Ike’s order directed his officers to “protect and respect,” to the extent possible, any cultural monuments — paintings, artwork, sculptures, historically significant buildings, etc. — that they encountered as they marched across Western Europe toward Nazi Germany.
Ike’s order stemmed from his horror at Allied destruction of the historic Abbey of Monte Cassino during the invasion of German-occupied Italy. Allied bombers had pulverized the centuries-old monastery — built around 529 A.D. — to root out German troops, only to discover no German troops were hiding there. Eisenhower was determined not to repeat that mistake.
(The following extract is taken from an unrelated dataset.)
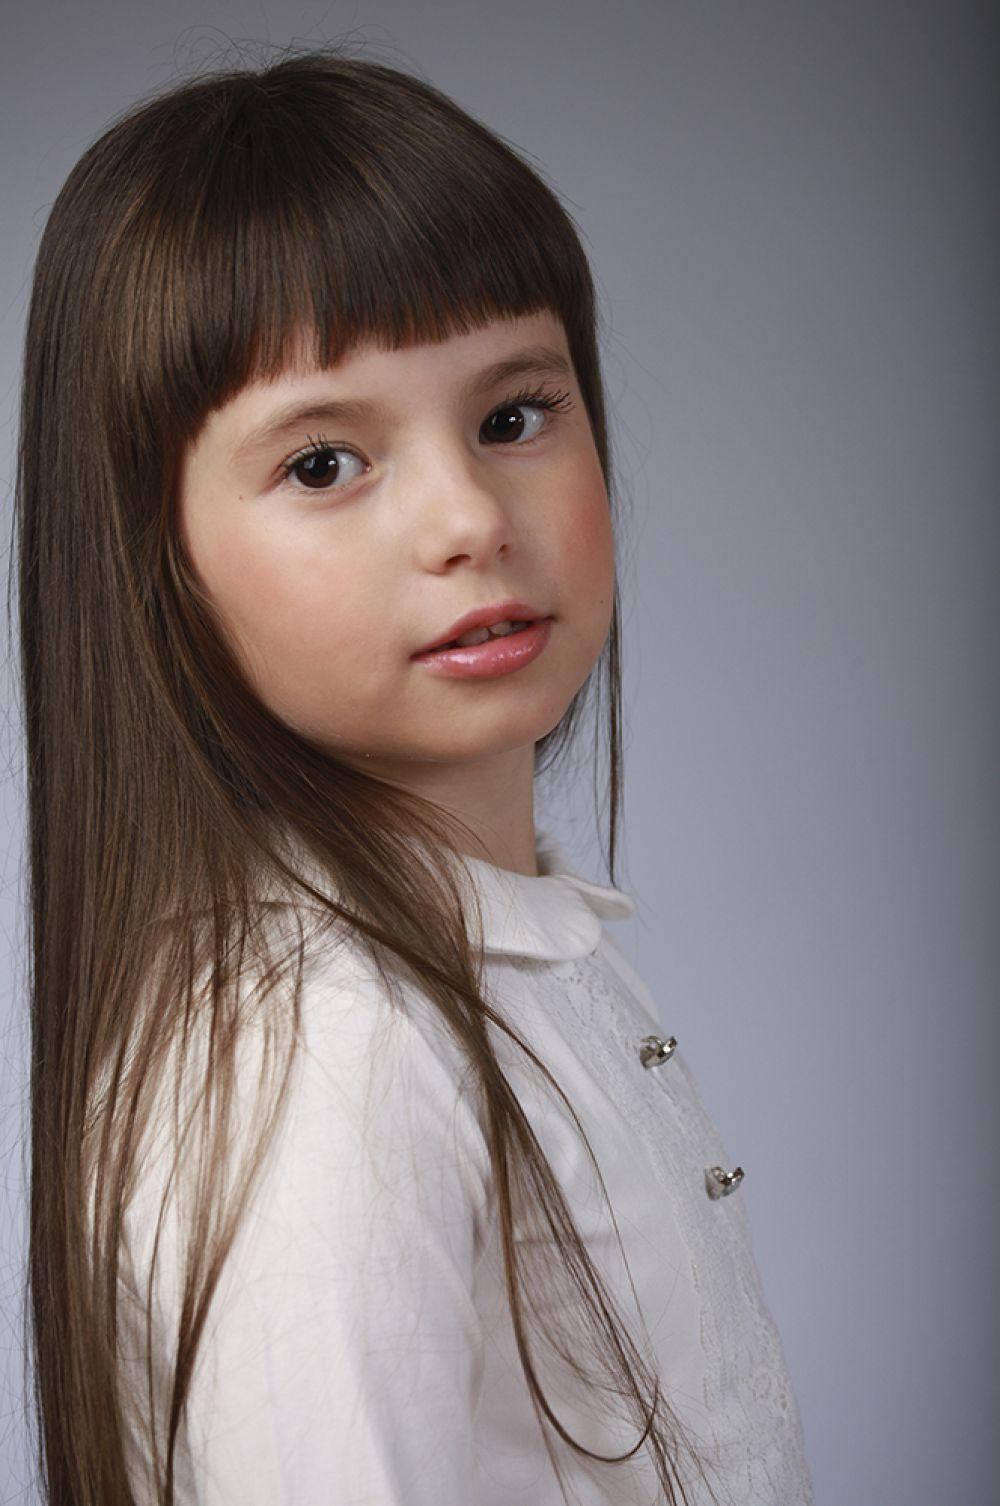 Полина Чепелова, 7 лет, 8-ой конкурс красоты и талантов  «Маленькая Мисс Вятка-2016». Младшая группа.

He was helped immeasurably by an all-volunteer outfit of former art dealers, collectors, appraisers and general art aficionados who joined a little-known U.S. Army unit called the Monuments, Fine Arts and Archives Section. They called themselves the Monuments Men for short.
Their job was to attach themselves to Allied army units fighting across Europe, and whenever historically significant buildings or art works were identified as being in harm’s way, they were tasked with convincing battle-hardened army commanders — whose sole objective was to defeat the Germans regardless of the cost — to spare these cultural icons, even if it meant altering their military plans and objectives.
Given the intensity of combat against a German army fighting for survival, the Monuments Men were not always successful, at which point their job was to record the destruction of these cultural treasures for later repair and reconstruction.
The Monuments Men also spent significant time tracking down famous artworks stolen by high-ranking German officers and Nazi Party members. Among the most famous of these art thieves was Reichsmarschall Hermann Goering, Hitler’s second-in-command, whose personal collection of stolen art was hidden throughout Germany.
Artists whose work was recovered by this special unit included Rembrandt, Da Vinci, Vermeer and Michelangelo.
It was dangerous and often thankless work, and many Monuments Men were killed attempting to preserve the best of Europe’s cultural identity, meaning they died as much to save great art as to save democracy.
For decades their work was unknown and unsung. Indeed, it wasn’t until 2007 that the Monuments Men were honored for their mission, and those honors came not from the U.S. Army, but from the National Endowment for the Humanities, which recognized them for having “deepened the nation’s understanding of the humanities.”
Ike, were he alive, would have approved. As he said of these cultural treasures, they are especially symbolic “of all that we are fighting to preserve.”